Thread: Text pattern JOINs that use indexes

Text pattern JOINs that use indexes

From

Richard Brooksby

Date:

15 March 2004, 14:48:34

I'm having a lot of trouble getting JOINs to work well with text
patterns.  I have a smallish table (4000 rows) containing prefixes that
I want to inner-join to a large table (500000 rows) of strings.  In
other words, I want to look up the few entries in the 500000 row table
which start with the strings in the 4000 row table.  PostgreSQL insists
on doing a sequential scan of the large table, even though it is
indexed on the field I'm using for the join.

Anyone got a solution?

Here are the "explains":

explain select * from files where name like 'foo%';
                                  QUERY PLAN
------------------------------------------------------------------------
-----
  Index Scan using files_name_key on files  (cost=0.00..6.01 rows=1
width=97)
    Index Cond: ((name >= 'foo'::text) AND (name < 'fop'::text))
    Filter: (name ~~ 'foo%'::text)


explain select * from test join files on files.name like test.filename
|| '%';
                              QUERY PLAN
---------------------------------------------------------------------
  Nested Loop  (cost=20.00..9450496.28 rows=1888140 width=129)
    Join Filter: ("outer".name ~~ ("inner".filename || '%'::text))
    ->  Seq Scan on files  (cost=0.00..9776.28 rows=377628 width=97)
    ->  Materialize  (cost=20.00..30.00 rows=1000 width=32)
          ->  Seq Scan on test  (cost=0.00..20.00 rows=1000 width=32)
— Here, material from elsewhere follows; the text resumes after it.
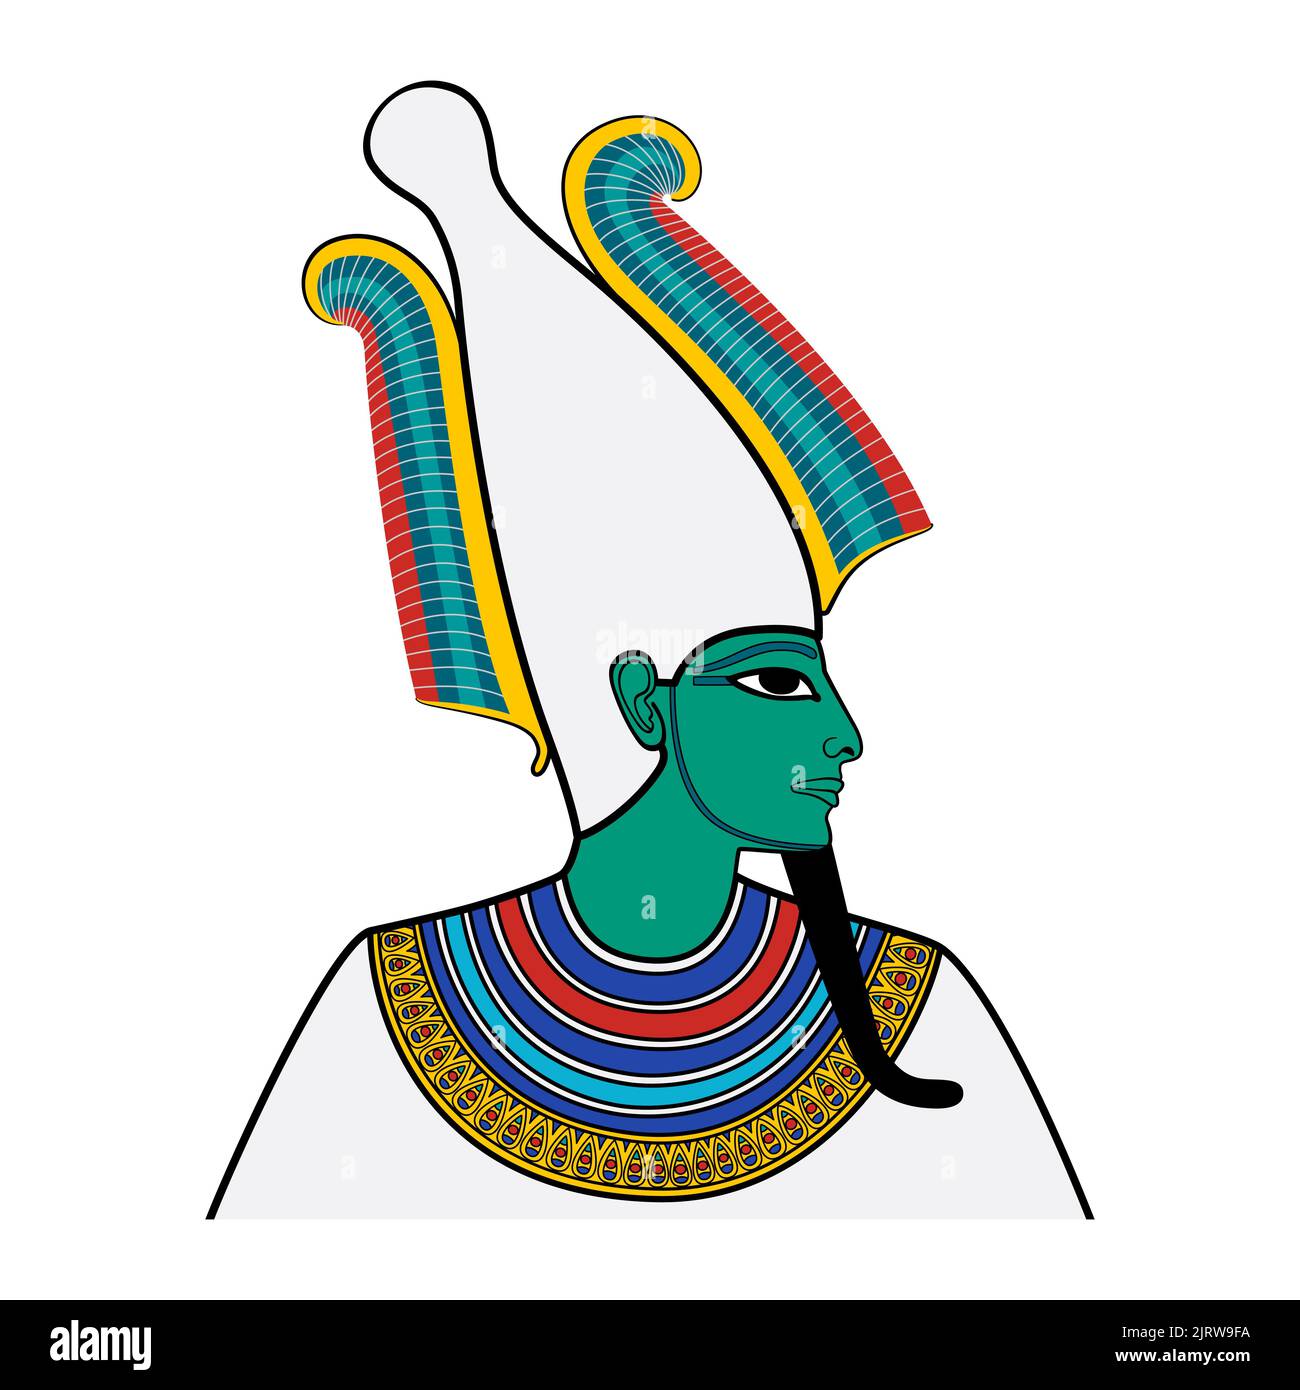 Osiris, portrait of the god of afterlife, dead and resurrection in ancient Egypt. Depicted with greenish turquoise skin, pharaoh beard and atef crown. Stock Photo

Re: Text pattern JOINs that use indexes

From

Tom Lane

Date:

15 March 2004, 15:29:53

Richard Brooksby <rb@ravenbrook.com> writes:
> explain select * from files where name like 'foo%';

This is indexable because the LIKE pattern is a constant at plan time,
and so the planner can see that there's a useful range constraint
extractable from the pattern.

> explain select * from test join files on files.name like test.filename
> || '%';

This is not indexable, because the LIKE pattern is not constant.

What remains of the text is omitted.